MATERIAL FOR THIS TASK »
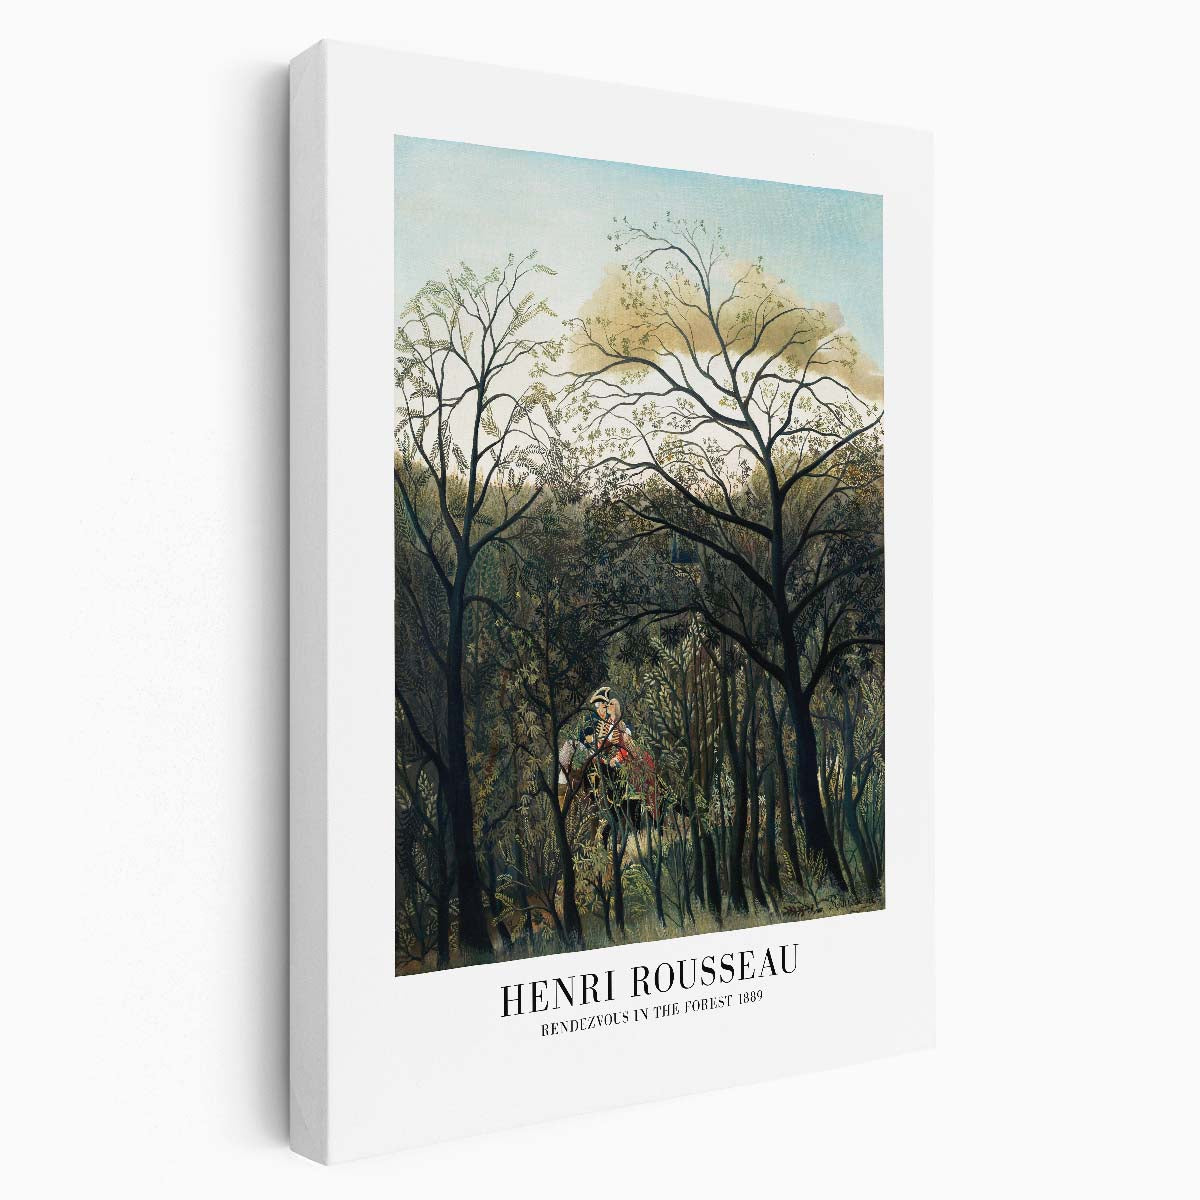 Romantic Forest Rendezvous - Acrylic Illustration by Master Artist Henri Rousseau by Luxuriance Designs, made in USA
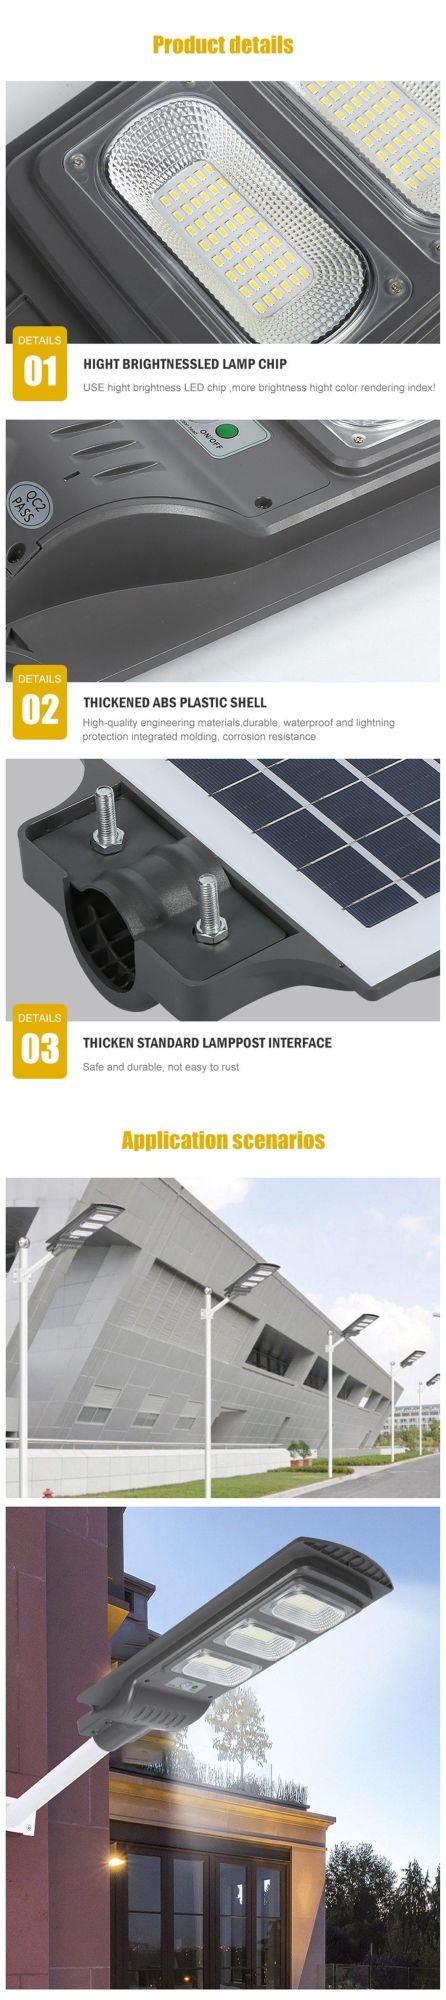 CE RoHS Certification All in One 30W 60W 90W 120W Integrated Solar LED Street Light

---

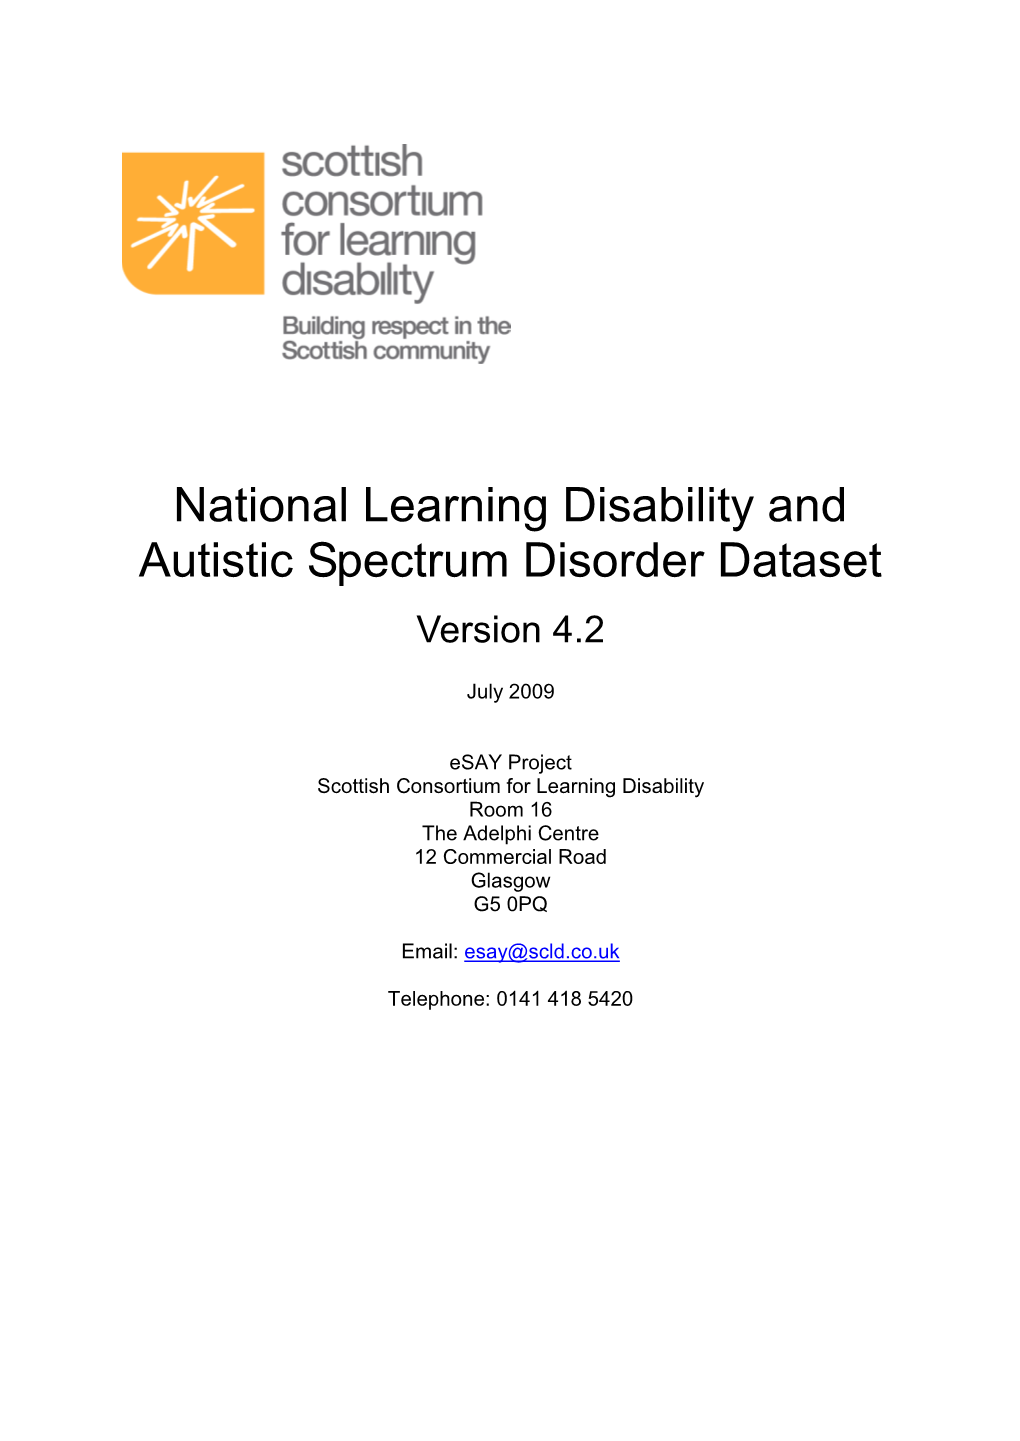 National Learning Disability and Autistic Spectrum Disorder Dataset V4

TASK STATEMENT »
Repeat only the stretch of data above that runs from the line with "Romantic Forest Rendezvous" to the line with "CE RoHS Certification". Keep both end lines; exclude pictures.

SOLUTION »
 Romantic Forest Rendezvous - Acrylic Illustration by Master Artist Henri Rousseau by Luxuriance Designs, made in USA
 CE RoHS Certification All in One 30W 60W 90W 120W Integrated Solar LED Street Light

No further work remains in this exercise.